Sunday, January 31, 2016

Kylie Knit top

What is wrong with me?  I simply can't stop sewing with StyleArc patterns!  I love them so!  Here is my latest make:

I know my print is busy, but it is Jungle January and I had to participate!  What gets a little lost are the design lines so here is a pic of the pattern from the StyleArc site: Knit top with an open back overlay

That front and back overlay is just so stinking cute!  Here is a description from the StyleArc site: Fashionable and functional top. The overlay has a high low hemline and an opening down the back. This top can be made long or short sleeves therefore suitable for all seasons. Need a basic tee? - Just leave the overlay off.

My fabric is from FM.  Where I purchase a vast majority of my fabrics.  

I really like the neckline on this.  The band is sandwiched between the overlay and the main portion of the garment.  You'll want to make sure everything lines up precisely or the overlay will look and lay funny.  

A little breeze caught a portion of the back overlay and you can see it swinging in the wind here! 

And here is another slight breeze to blow the other side of the back overlay a bit!
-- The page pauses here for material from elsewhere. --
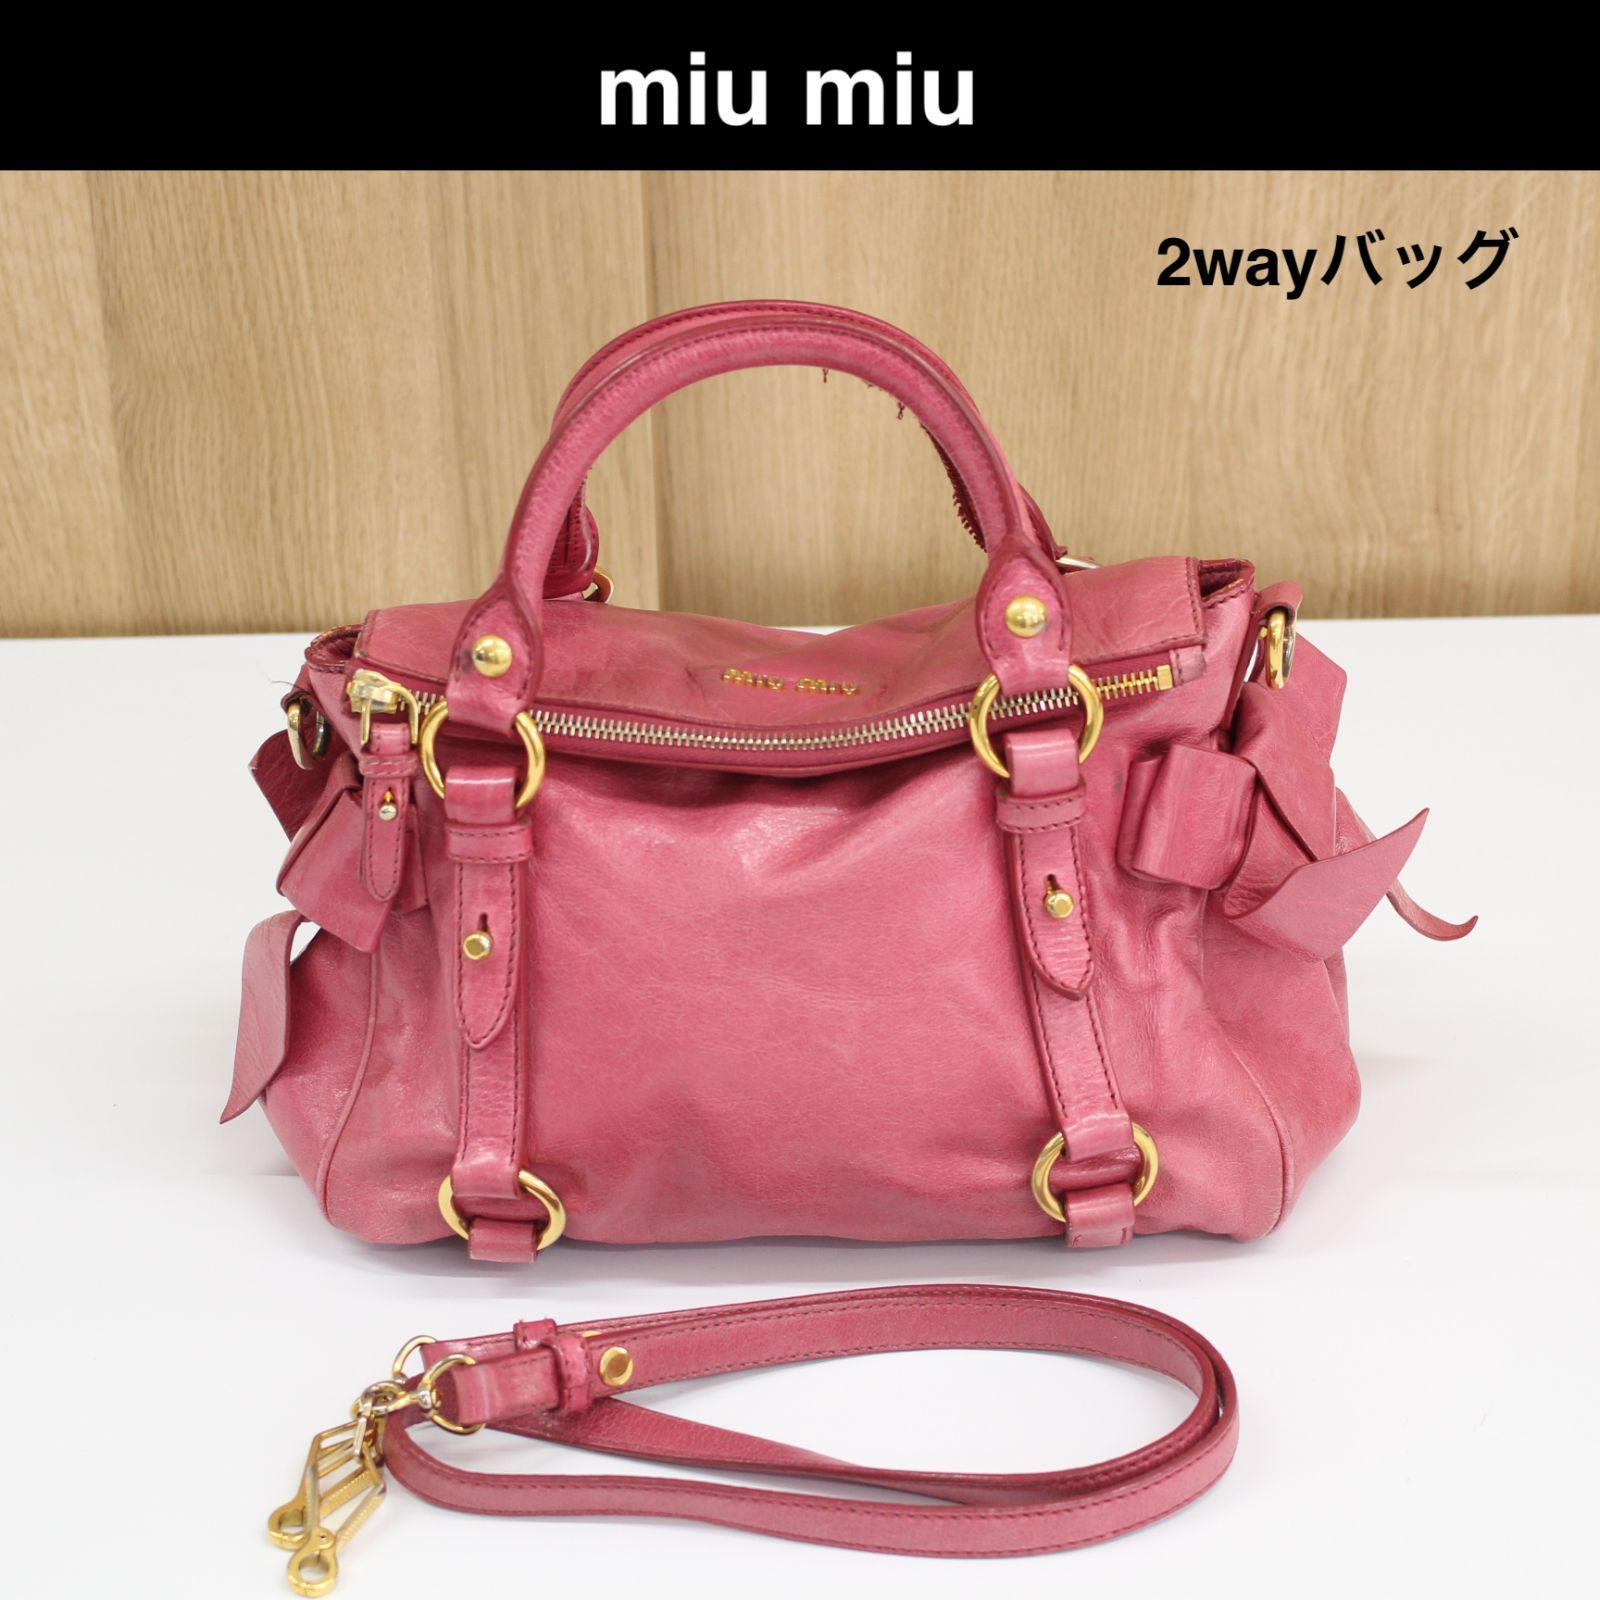 A932】miu miu 2wayバッグ レザー ピンク リボン ミュウミュウ - メルカリ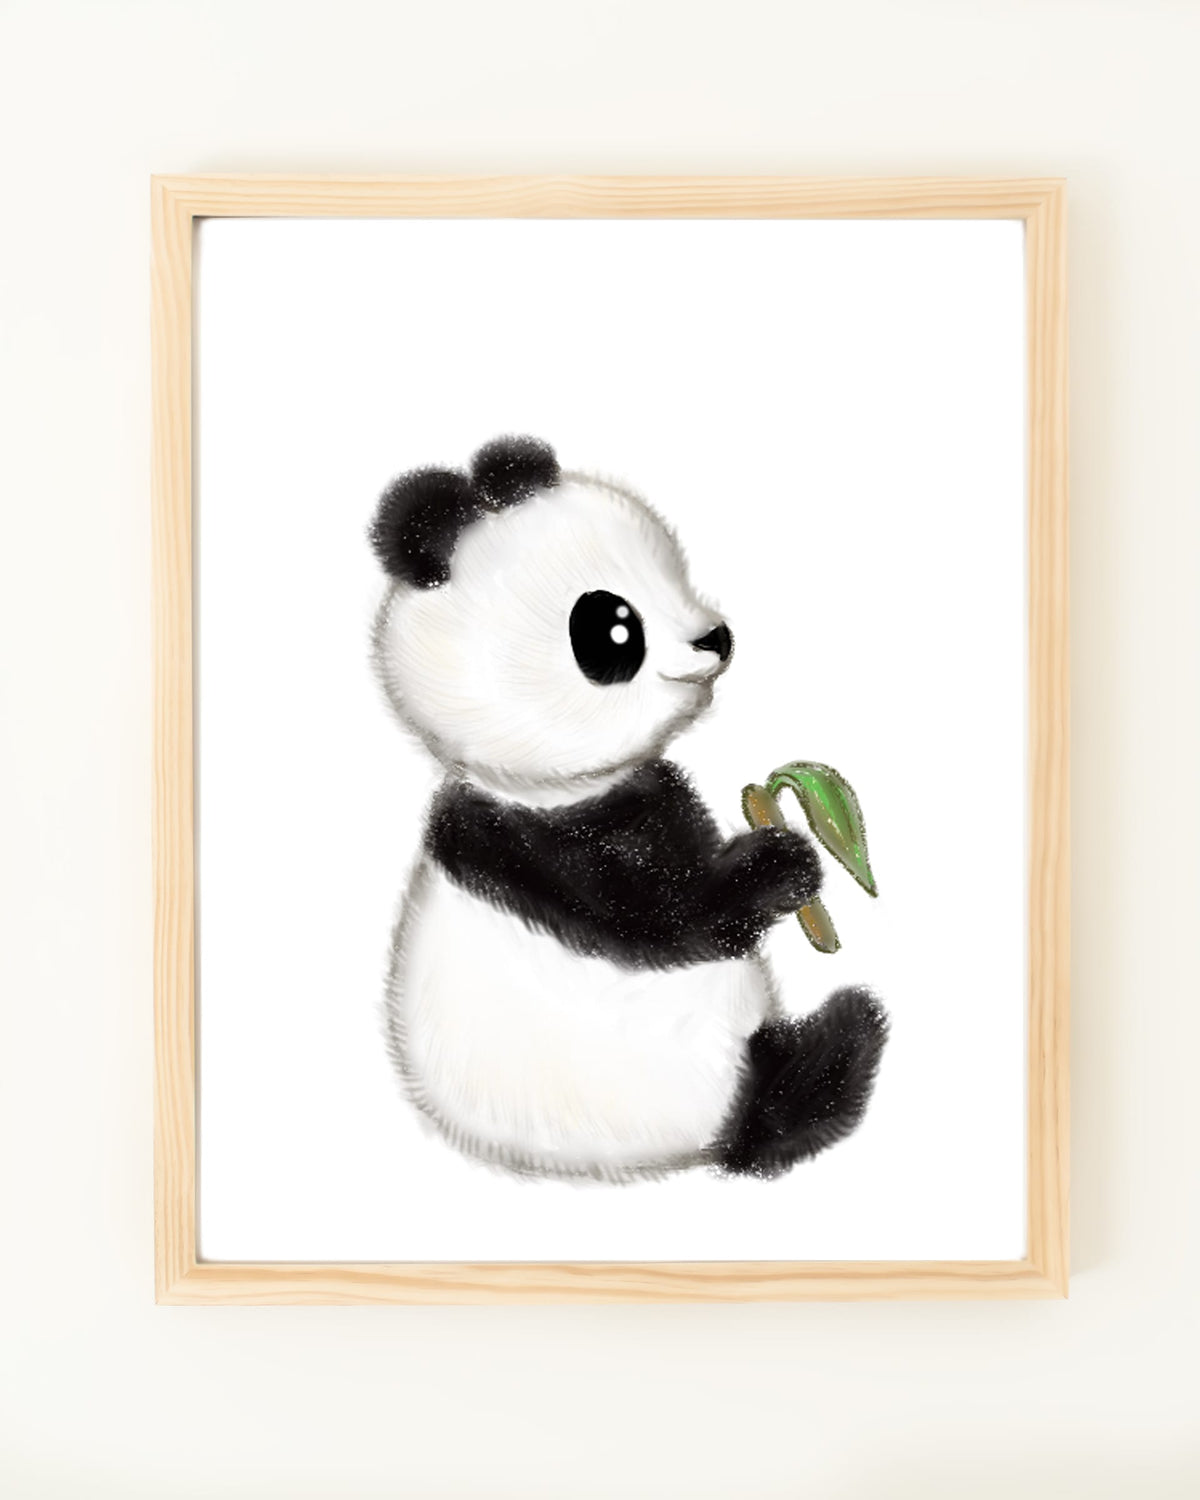 Framed hand drawn safari nursery decor wall art poster cute panda baby animal with bamboo

Look how nice those sleeves are!  They are the perfect length.  Is it any wonder I love StyleArc patterns so much?  It seems as though they were drafted for me, personally!
I do have to admit I make a few minor adjustments to the pieces and here they are: 1/2" swayback adjustment and 1/4" sloping shoulder adjustment.  Not bad, eh?

I love this top!  It went together well and is a newer pattern that I enjoyed trying.  One thing I did note is that the neckband doesn't have any markings on the pattern piece.  Just play with it before you stitch your neckband down to make sure you like how all three layers are lining up.  

Thanks for reading!

A long vest...in denim

I've had my eye on this vest pattern for a long time.  Why?  Well, I love the lines and I love wearing layers.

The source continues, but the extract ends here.